Saturday, August 28, 2010

The Truth About My Uncensored Life-map...It's Not Just for Me

I hate when I sit down to write something, and it doesn't come out like I want. It happens all the time on my blog, and really, I have got to find a solution.

Sometimes when I'm way behind on journalling, I'll type it in to save time. It comes out sounding like a factual research paper, which isn't the point. I don't need a bulleted life-notes version of happenings. I want the emotion, the thoughts, the depth of my being to be on those pages because I may need to go back and read them to get my bearings or someone else may need that information to get their bearings. The world will not be a better place if I objectively record my life. However, if I am willing to dig deep, be honest even when I hate it and hate how it makes me look or feel, THAT has the potential to make a difference because THAT is where people will find themselves.
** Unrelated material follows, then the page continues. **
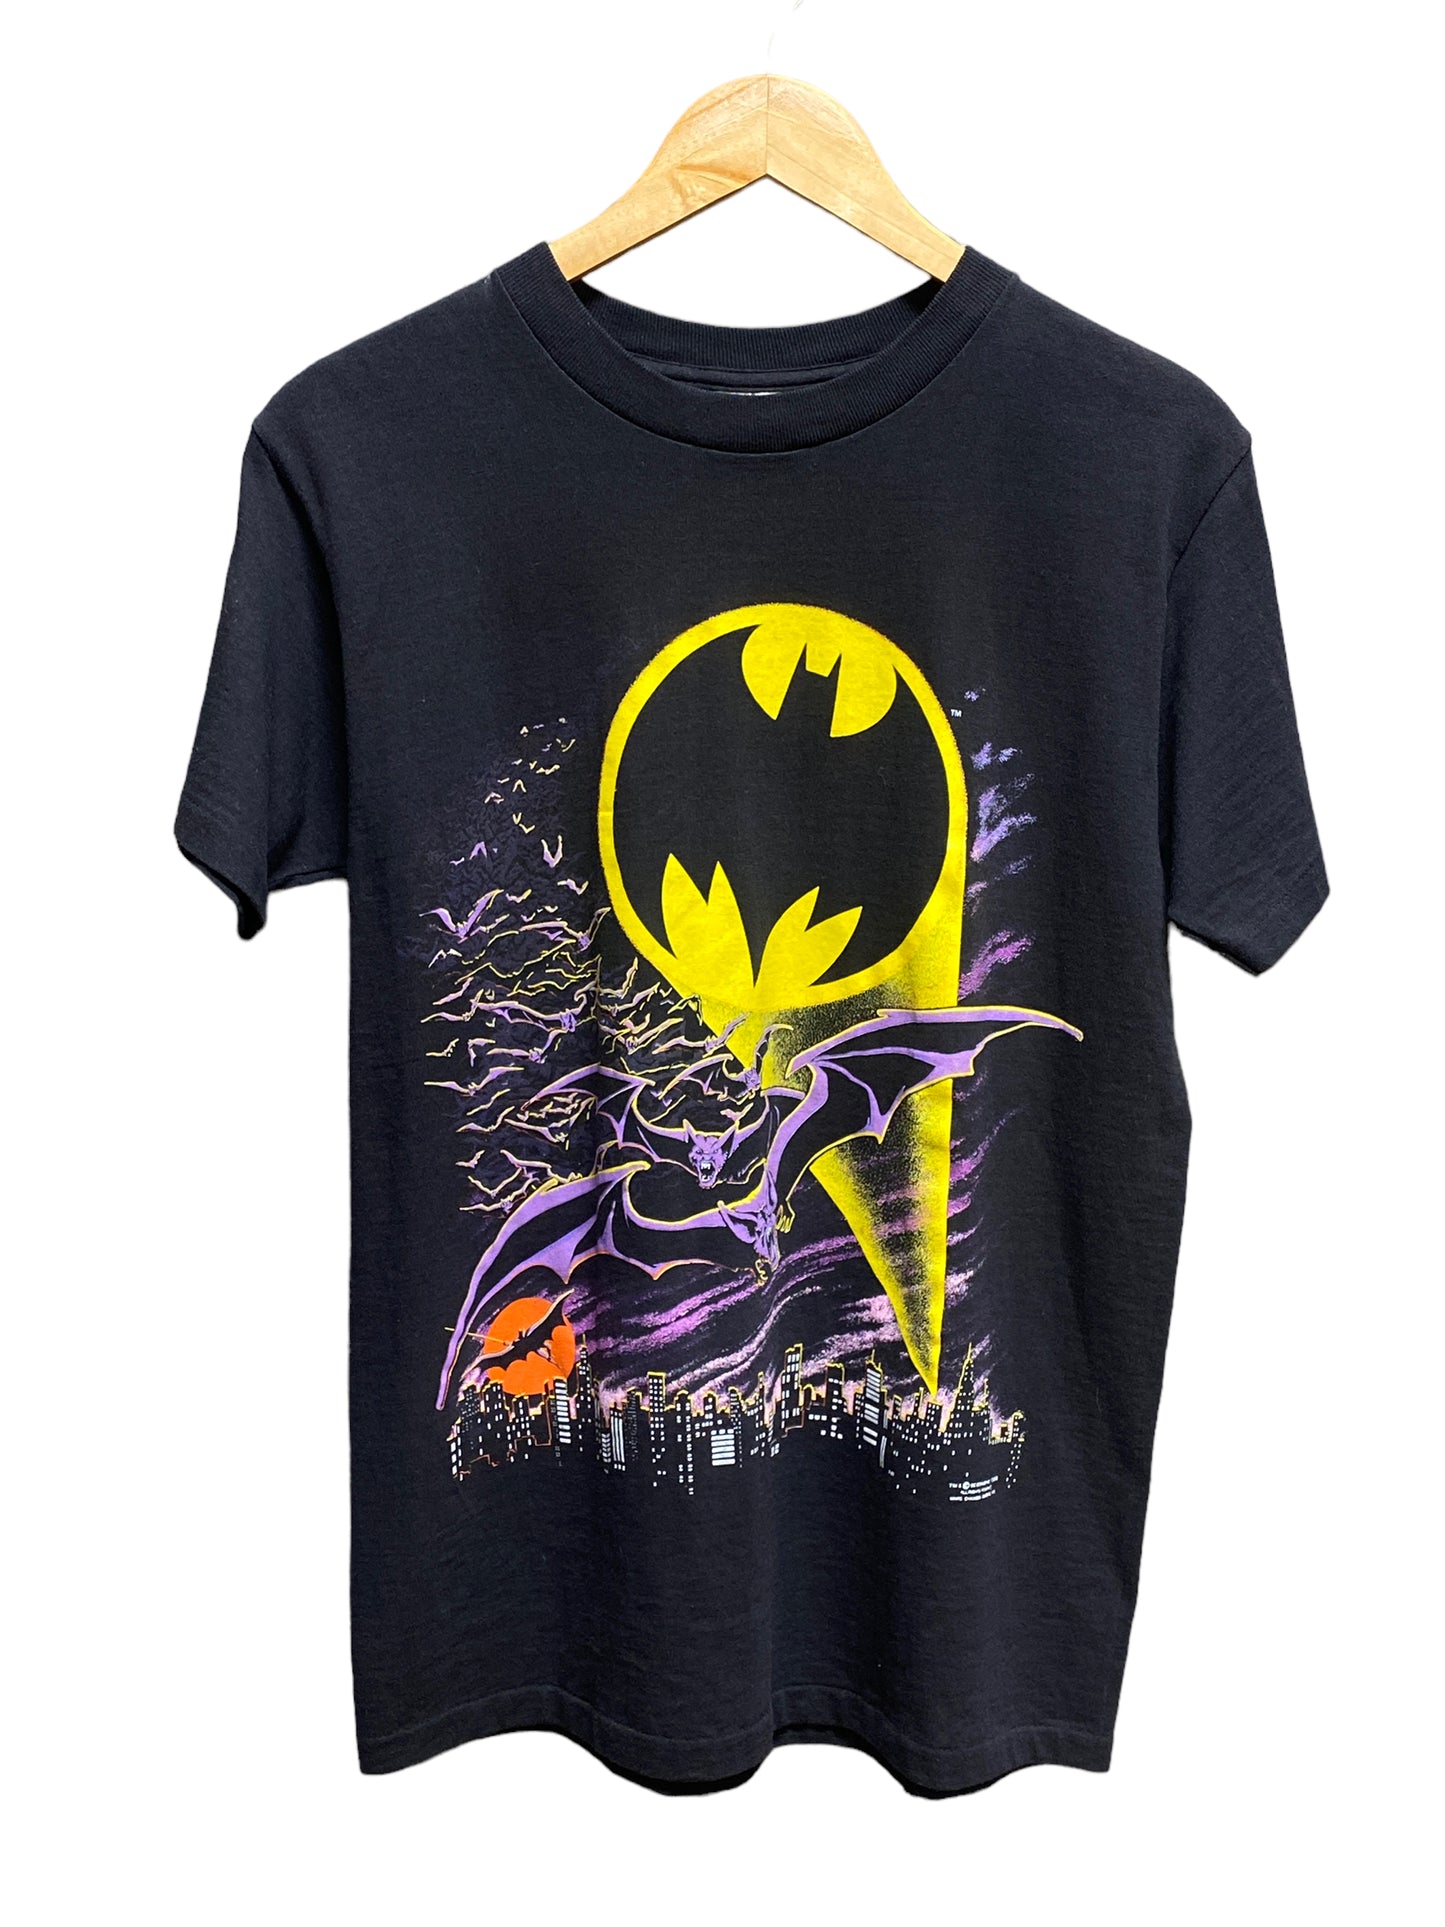 Vintage 1988 Batman Bat Signal Comic Graphic Tee Size Medium

It is so easy to sit here behind my keyboard and create a poetic world filled with romanticized heartache and prettified pain. It is so easy to make questions and doubts look lovely and admirable. But what happens when those delicately woven words and intricately devised imagines on the screen slam into real life at the kitchen table, in the bedroom, at the altar, or in one's own journal? What happens when real life destroys the illusion and there are no editor's cuts when the scenes get intense and we can't cut to commercials?

What then?

What about the daughter who feels like she will never measure up to her mom's outrageous expectations? What about the wife who puts on that new silky gown and he rolls over and faces the wall...again?  What about the mom who looks at her teenage daughter and is scared to death that beautiful, pure heart standing before her will become the broken woman she now is? What about the woman who has done everything to stand and feels she cannot stand anymore but does not have the freedom to fall on her knees at the altar because she's afraid she'll get pointing fingers instead of helping hands? So instead, she raises her hands, controls the quiver in her voice, fights back the tears in her eyes, and lies about how fine she is...one more time.

What about her?

What about all those hearts who feel they are the only ones hurting that bad because no one else admits she is...because I don't admit I am?
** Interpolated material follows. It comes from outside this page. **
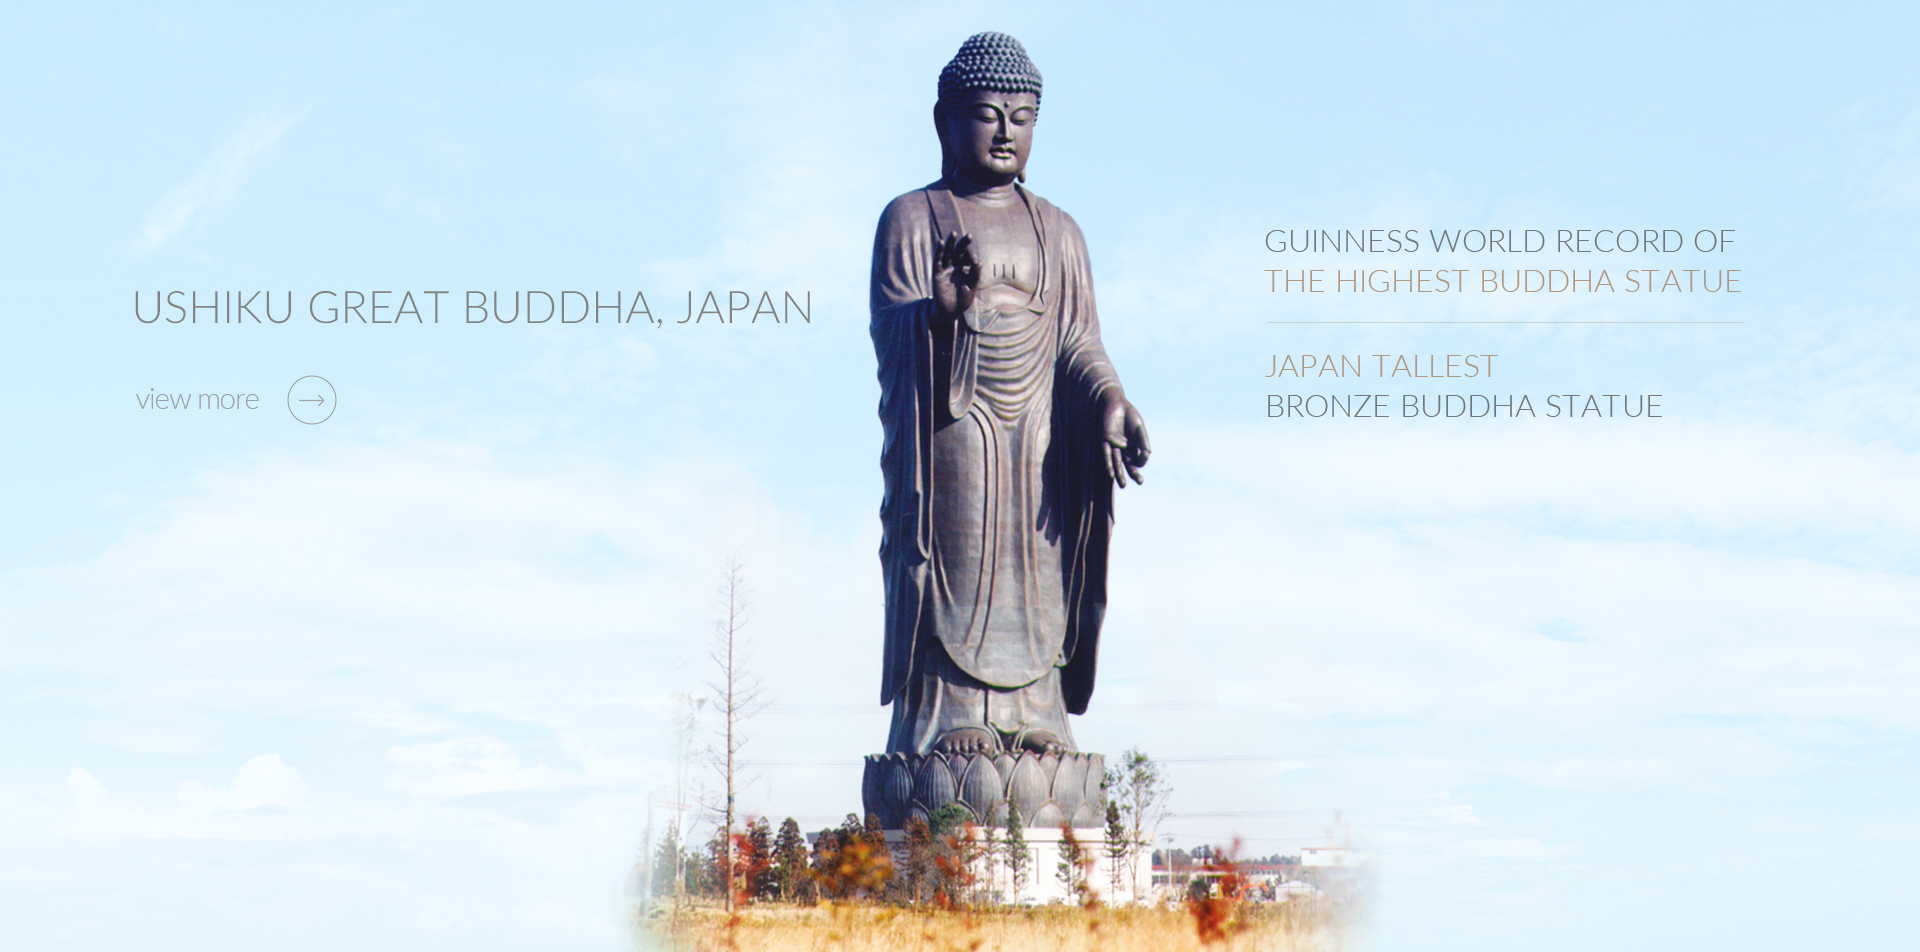 Ushiku Great Buddha, Japan

I don't like to talk about how much I struggle. I would far rather tell people the latest revelation I received, how I was victorious in something, or how God blessed me.
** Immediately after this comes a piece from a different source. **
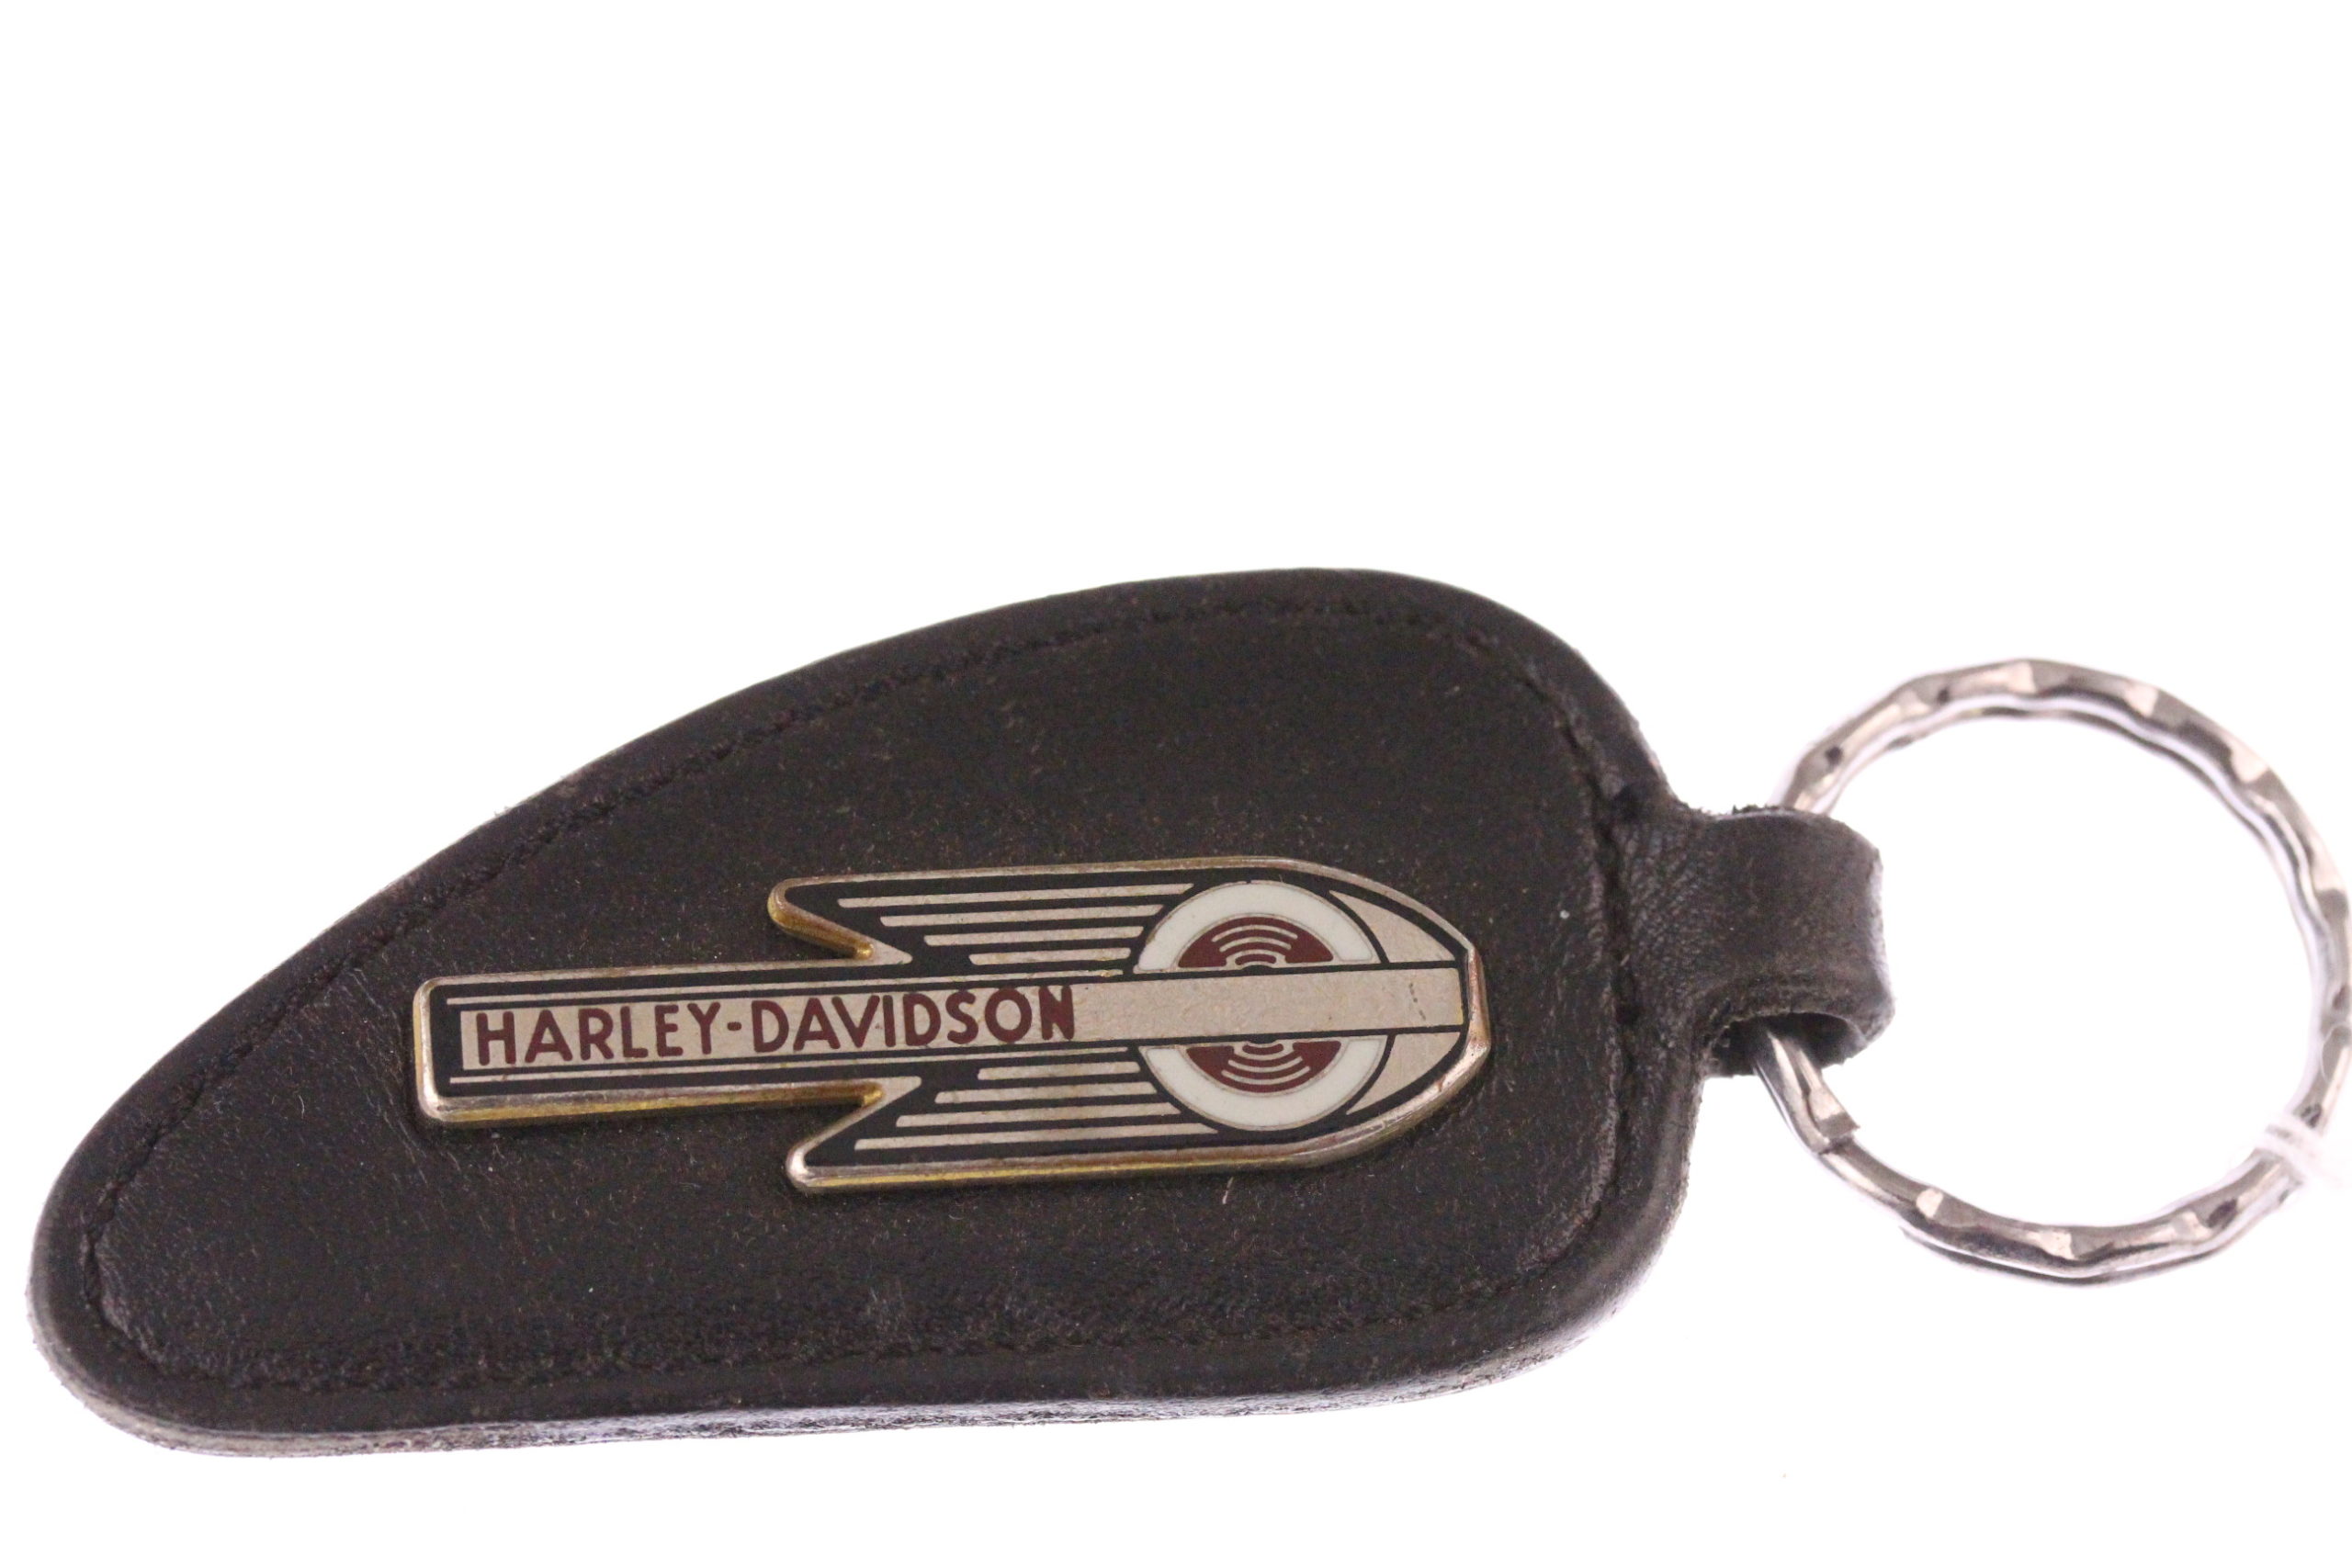 Harley Davidson Key Ring Promotion Off59

But I don't read the Psalms to hear how strong David was. I read them to hear how hard it was and how he chose to trust anyway. I read about Joseph because I want to know I'm not the only one whose visions don't line up with circumstance. I read about Jesus in the Garden because I don't always like the cup I'm given.

I don't read about these people to commiserate or wallow. I read them to help me keep walking, to help me keep believing. I read the great things God did for and through them to build my faith that He can do those things for and through me.

That's what I want to be for anyone else who reads this blog, who reads my articles, who hears me speak formally or informally. However, David's story is not told in perfect prose. Joseph in a dungeon because he was falsely accused and forgotten by someone he helped is not romantic rhyme. And Jesus on a cross was so offensive even God couldn't stand to look.

What makes me think I can write Rockwellian blogs and articles and have Dorothea Lange impact? Somehow I just don't think it works that way. Somehow I think people are looking for the ugly honesty that somehow becomes something beautiful and meaningful in the hands of an honestly amazing God. Somehow I don't think they are concerned about people saving face as much as they are concerned about knowing God can save them.

Honestly, I understand. Me too.

God, help me to never be more concerned about how I present myself than I am in presenting You.

Saving Face

When people ask if I have been able to write during this season, I answer that I have not had time to write. The truth is, I have not wanted to write.

My writing has always come from my heart, and right now, my heart throbs with pain that leaves seems to abate only to slam me so intensely that it knocks me to my knees.

A few weeks ago I created a new blog, I Really am Okay. I debated whether to simply place those posts here or not, but I decided it was a specialized blog for a particular population and the posts would be more useful if they were together instead of being linked by tags throughout my general blog. Amazing how easy it is to lie...especially to oneself.

The truth is I didn't want those posts here because this is my "writing blog". This is the blog where posts come in ribbons and bows and a nice concluding sentence that wraps everything up in a "God is so good and I'm so blessed" happy thought. It's the places where answers are found and God is glorified and...I look like I have it together.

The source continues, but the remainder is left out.